Abstract
We have previously designed a library of lentiviral vectors to generate somatic-transgenic rodents to monitor signalling pathways in diseased organs using whole-body bioluminescence imaging, in conscious, freely moving rodents. We have now expanded this technology to adeno-associated viral vectors. We first explored bio-distribution by assessing GFP expression after neonatal intravenous delivery of AAV8. We observed widespread gene expression in, central and peripheral nervous system, liver, kidney and skeletal muscle. Next, we selected a constitutive SFFV promoter and NFκB binding sequence for bioluminescence and biosensor evaluation.
An intravenous injection of AAV8 containing firefly luciferase and eGFP under transcriptional control of either element resulted in strong and persistent widespread luciferase expression. A single dose of LPS-induced a 10-fold increase in luciferase expression in AAV8-NFκB mice and immunohistochemistry revealed GFP expression in cells of astrocytic and neuronal morphology. Importantly, whole-body bioluminescence persisted up to 240 days.

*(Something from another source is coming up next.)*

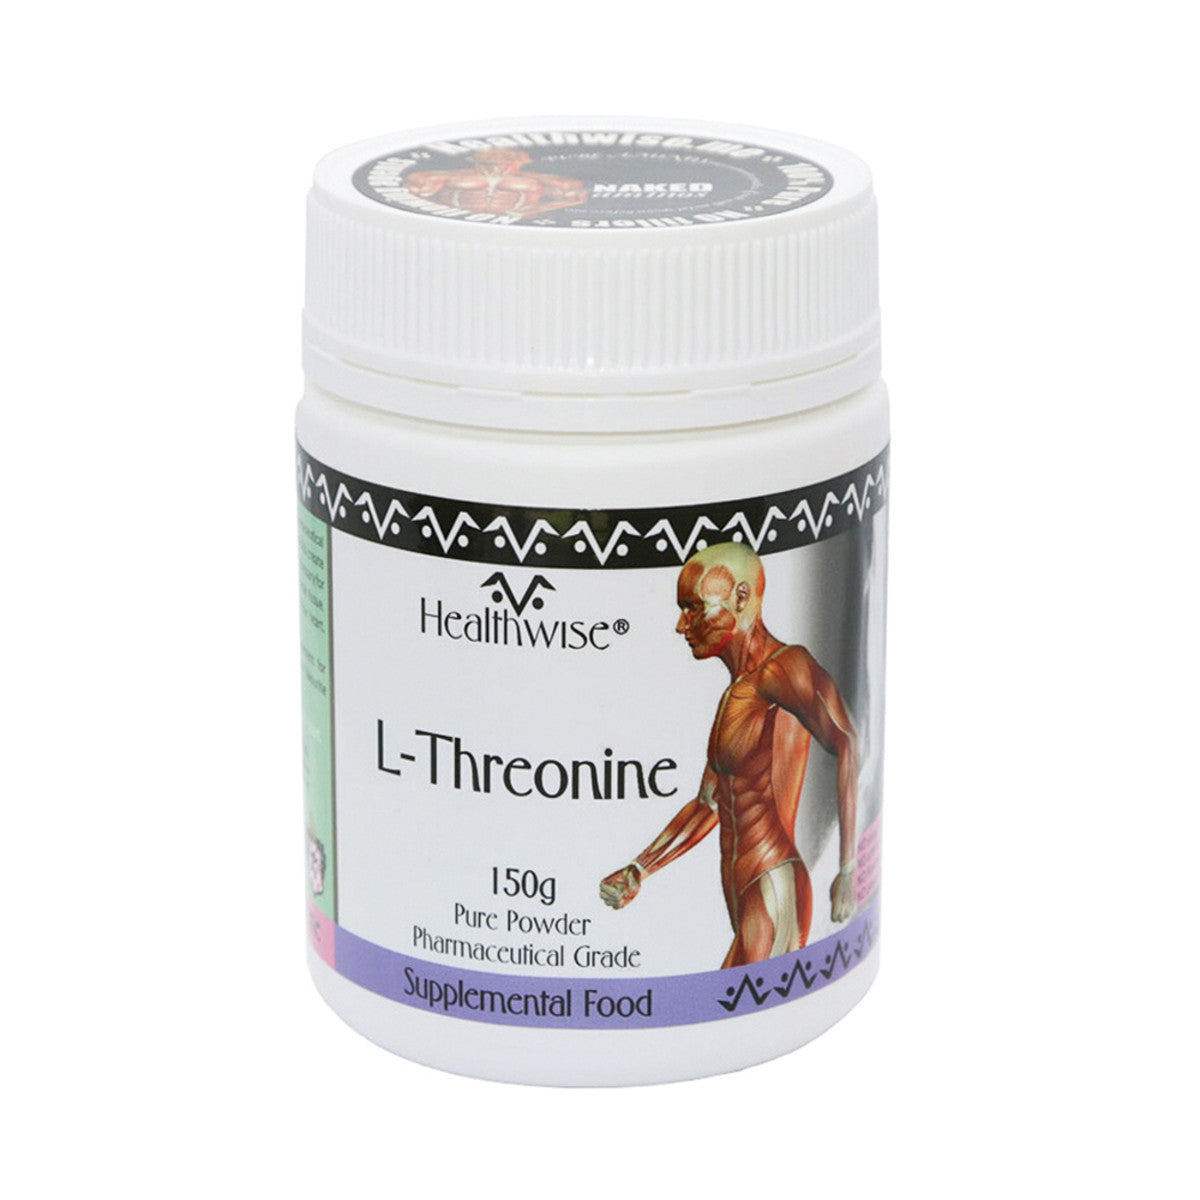 HealthWise - L-Threonine

To further restrict biosensor activity to the CNS, we performed intracerebroventricular injection of each vector. We observed greater restriction of bioluminescence to the head and spine with both vectors. Immunohistochemistry revealed strongest expression in cells of neuronal morphology. LPS administration stimulated a 4-fold increase over baseline bioluminescence.
We have validated a novel biosensor technology in an AAV system by using an NFκB response element and revealed its potential to monitor signalling pathway in a non-invasive manner using a model of LPS-induced inflammation. This technology employs the 3R’s of biomedical animal research, complements existing germline-transgenic models and may be applicable to other rodent disease models with the use of different response elements.